**Problem statement:** Instruction for the data below: set down exactly the lines from the line with "Big Nautical Charm" to the line with "The Stoned Turquoise", inclusive, and no others.

**Supplied information:**
◆ ◆ ◆ ◆ ◆

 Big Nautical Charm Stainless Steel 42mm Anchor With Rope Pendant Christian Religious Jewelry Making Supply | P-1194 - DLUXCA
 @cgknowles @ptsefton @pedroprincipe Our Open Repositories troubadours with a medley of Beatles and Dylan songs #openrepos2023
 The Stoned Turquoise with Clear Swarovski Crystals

◆ ◆ ◆ ◆ ◆

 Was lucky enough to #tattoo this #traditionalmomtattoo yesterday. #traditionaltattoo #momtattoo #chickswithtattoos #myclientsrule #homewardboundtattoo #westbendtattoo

◆ ◆ ◆ ◆ ◆

**Response box:**
 Big Nautical Charm Stainless Steel 42mm Anchor With Rope Pendant Christian Religious Jewelry Making Supply | P-1194 - DLUXCA
 @cgknowles @ptsefton @pedroprincipe Our Open Repositories troubadours with a medley of Beatles and Dylan songs #openrepos2023
 The Stoned Turquoise with Clear Swarovski Crystals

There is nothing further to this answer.